%%

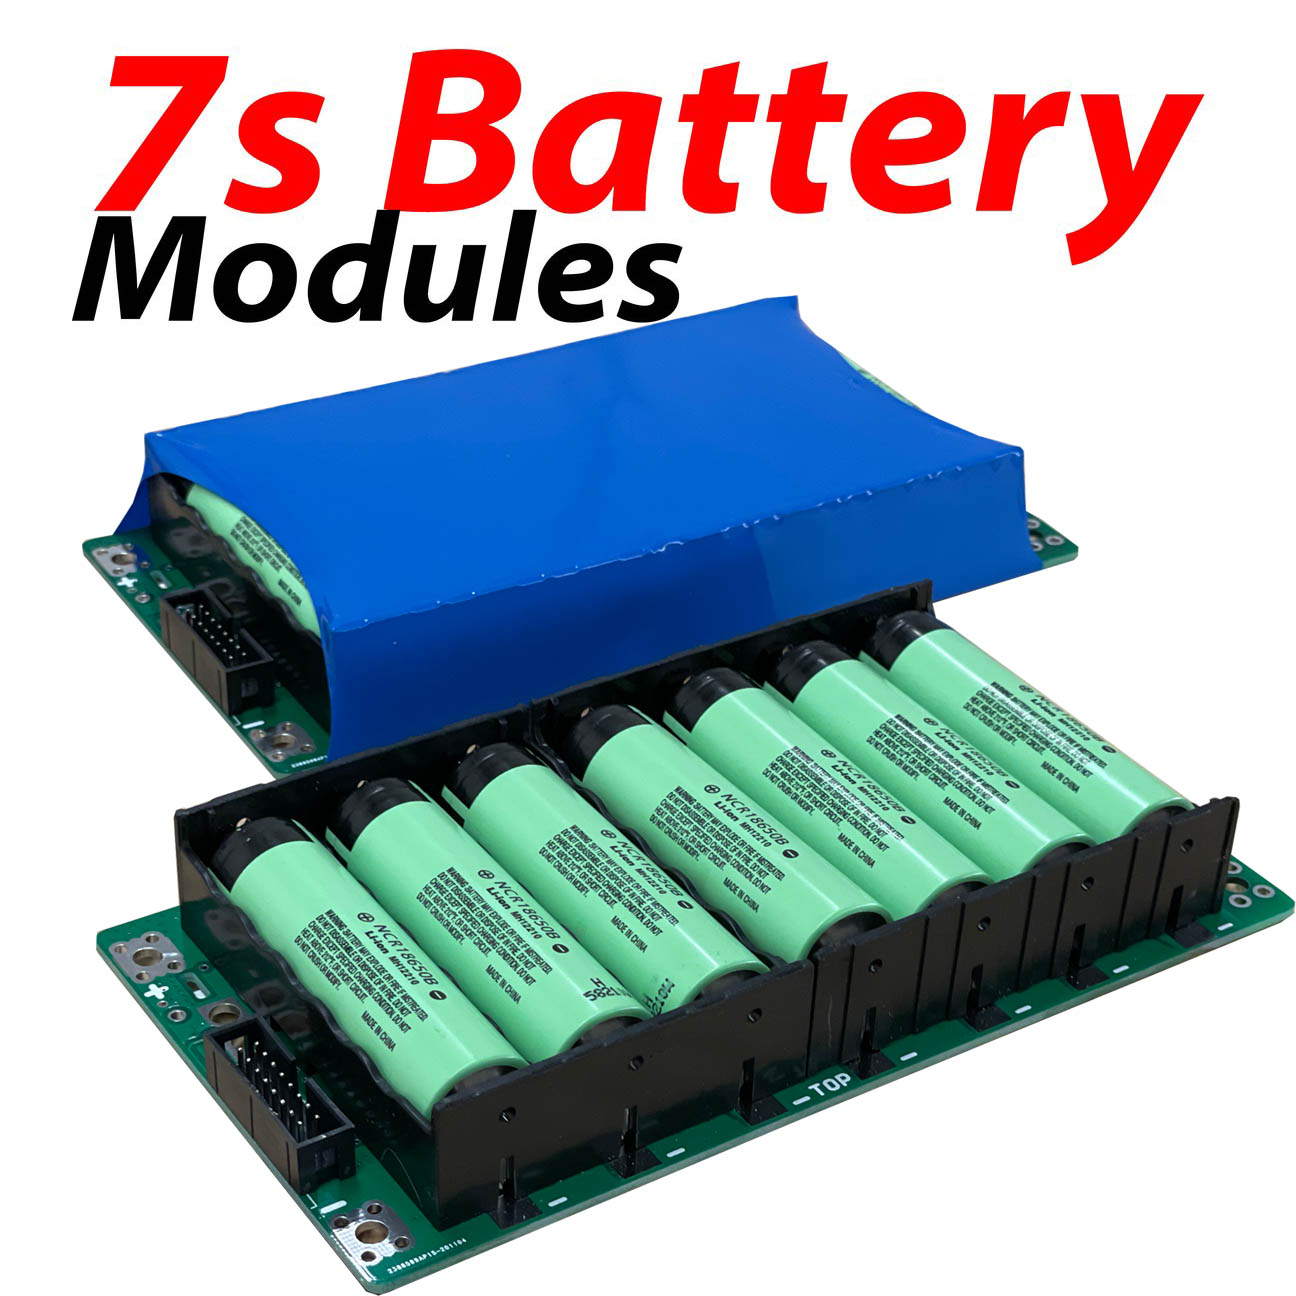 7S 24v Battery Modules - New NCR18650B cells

%%
%%

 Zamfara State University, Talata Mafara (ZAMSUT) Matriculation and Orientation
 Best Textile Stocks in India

%%
%%

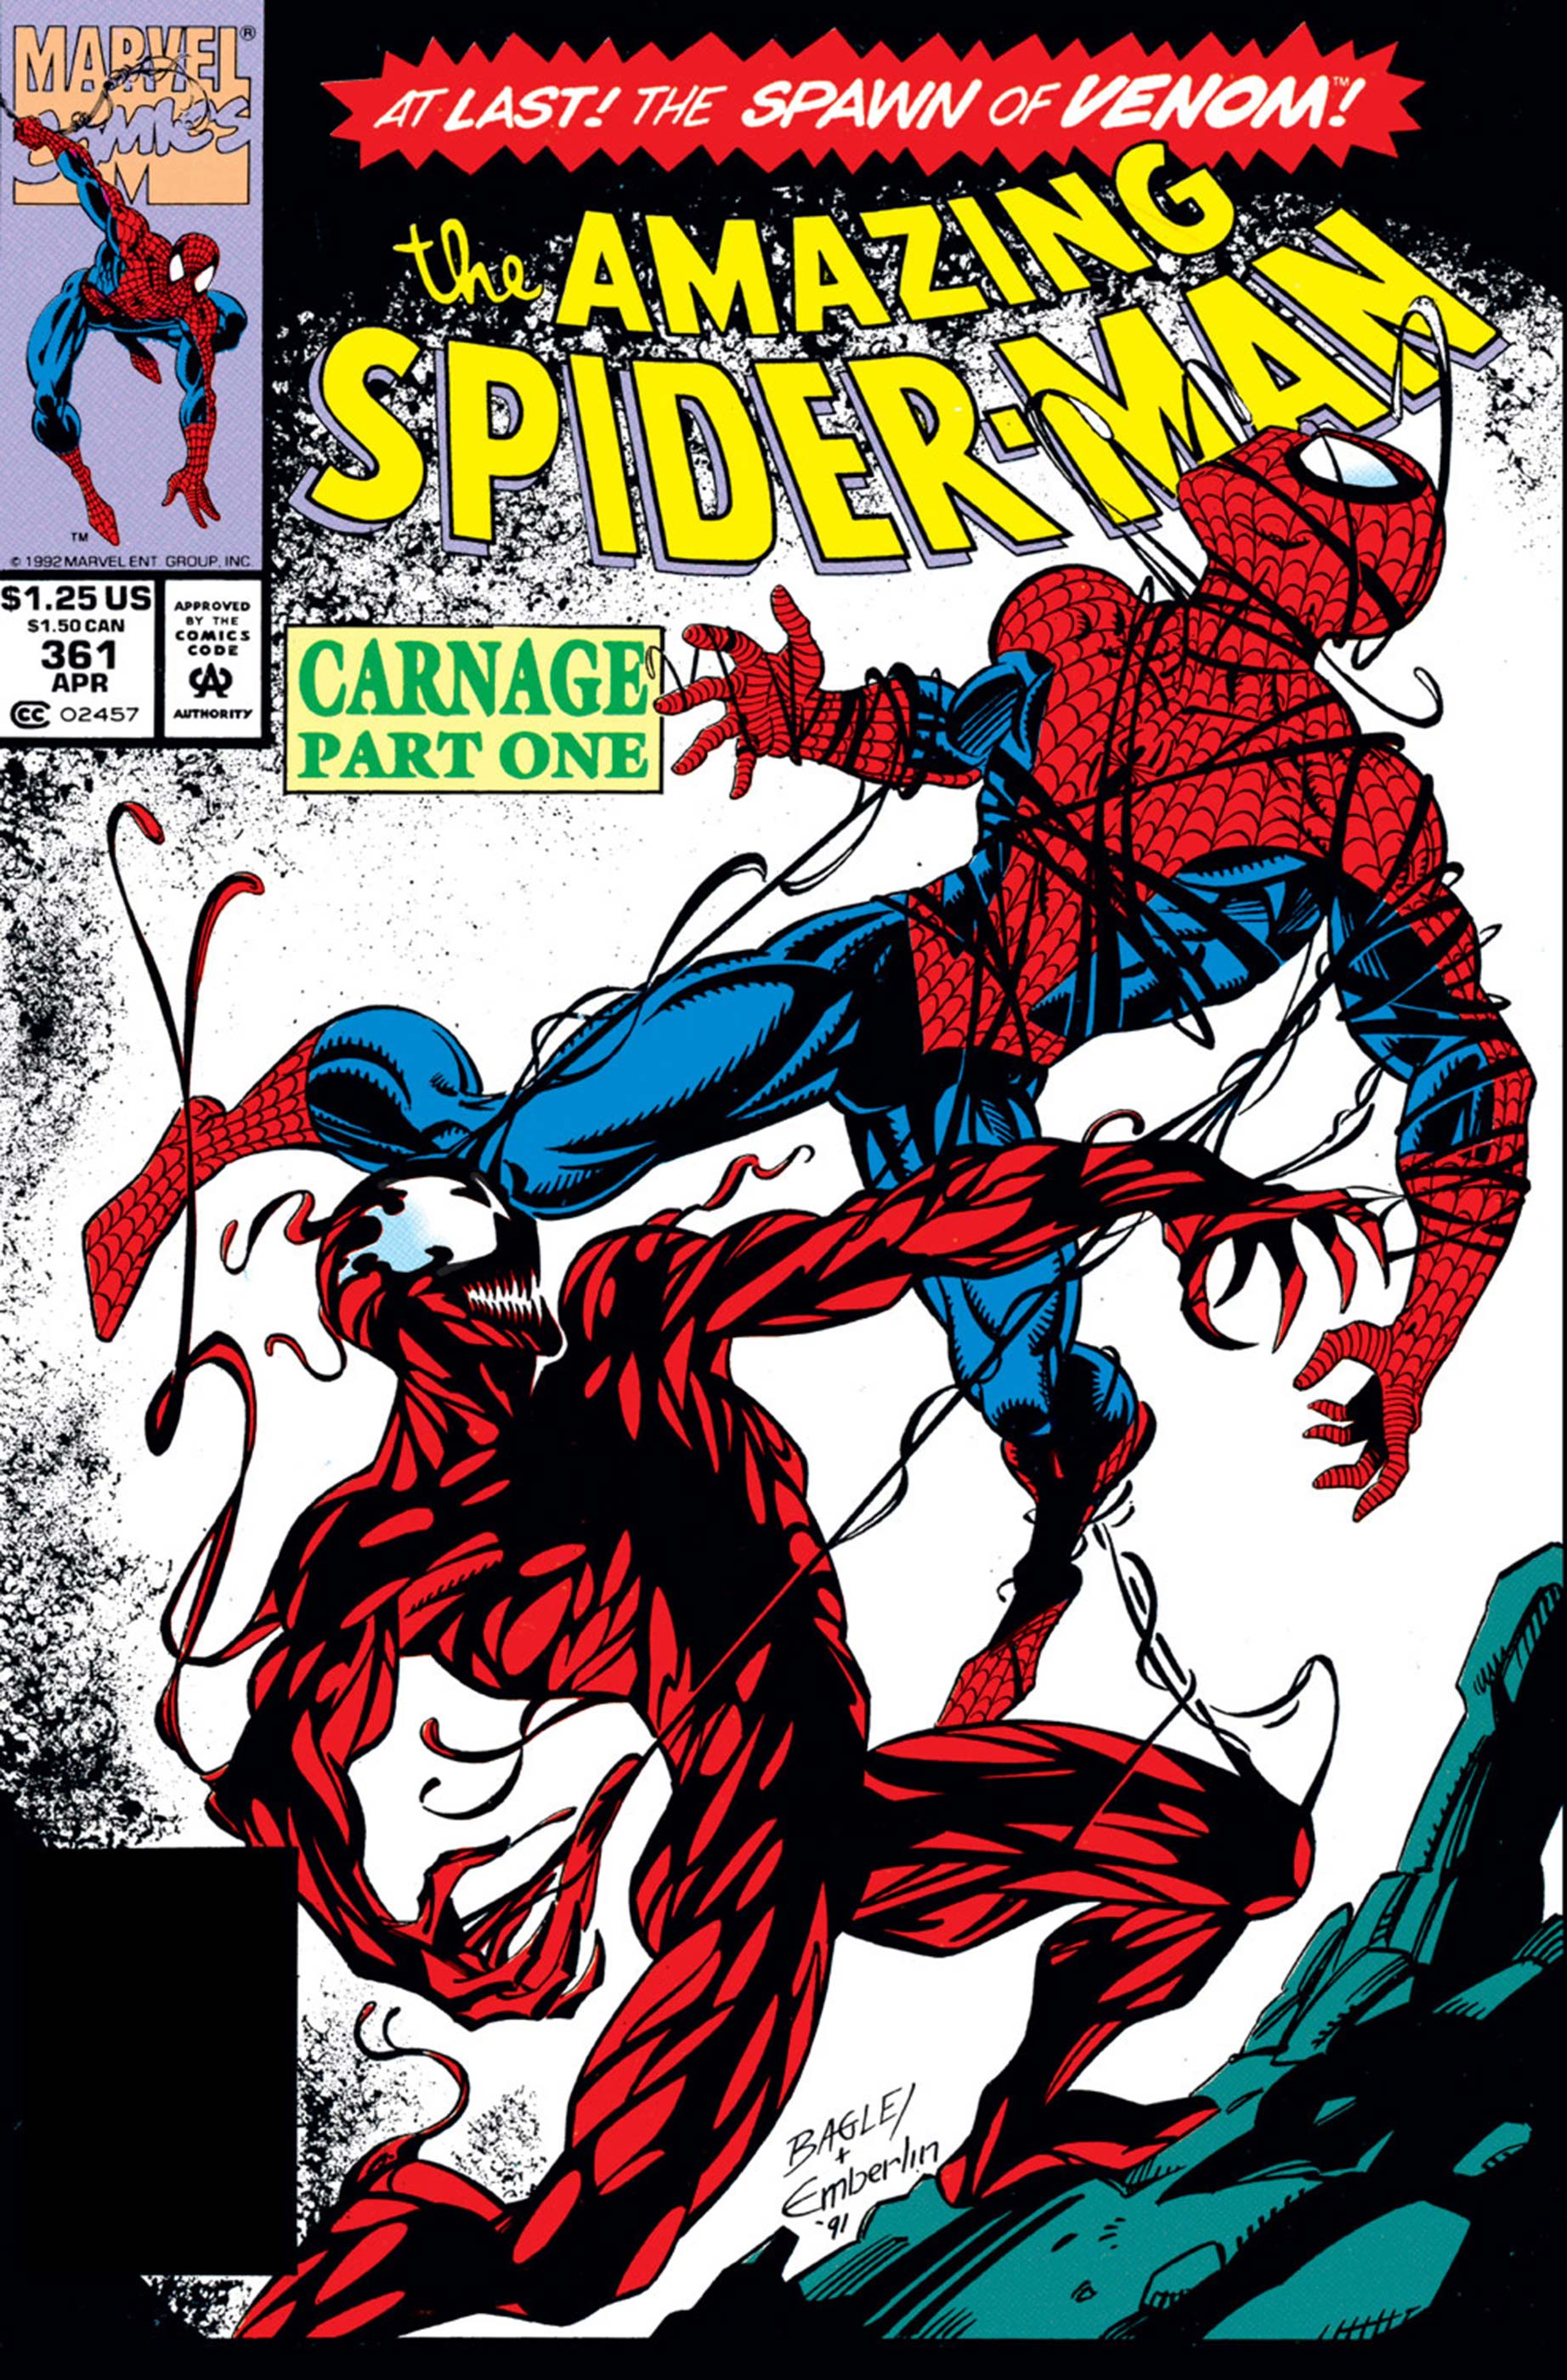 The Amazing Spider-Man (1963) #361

%%

*Activity*: Find "Zamfara State University, Talata" in the entries above and copy that whole line exactly, then each line after it through the line that contains "Best Textile Stocks in India".

*Exercise output*:
 Zamfara State University, Talata Mafara (ZAMSUT) Matriculation and Orientation
 Best Textile Stocks in India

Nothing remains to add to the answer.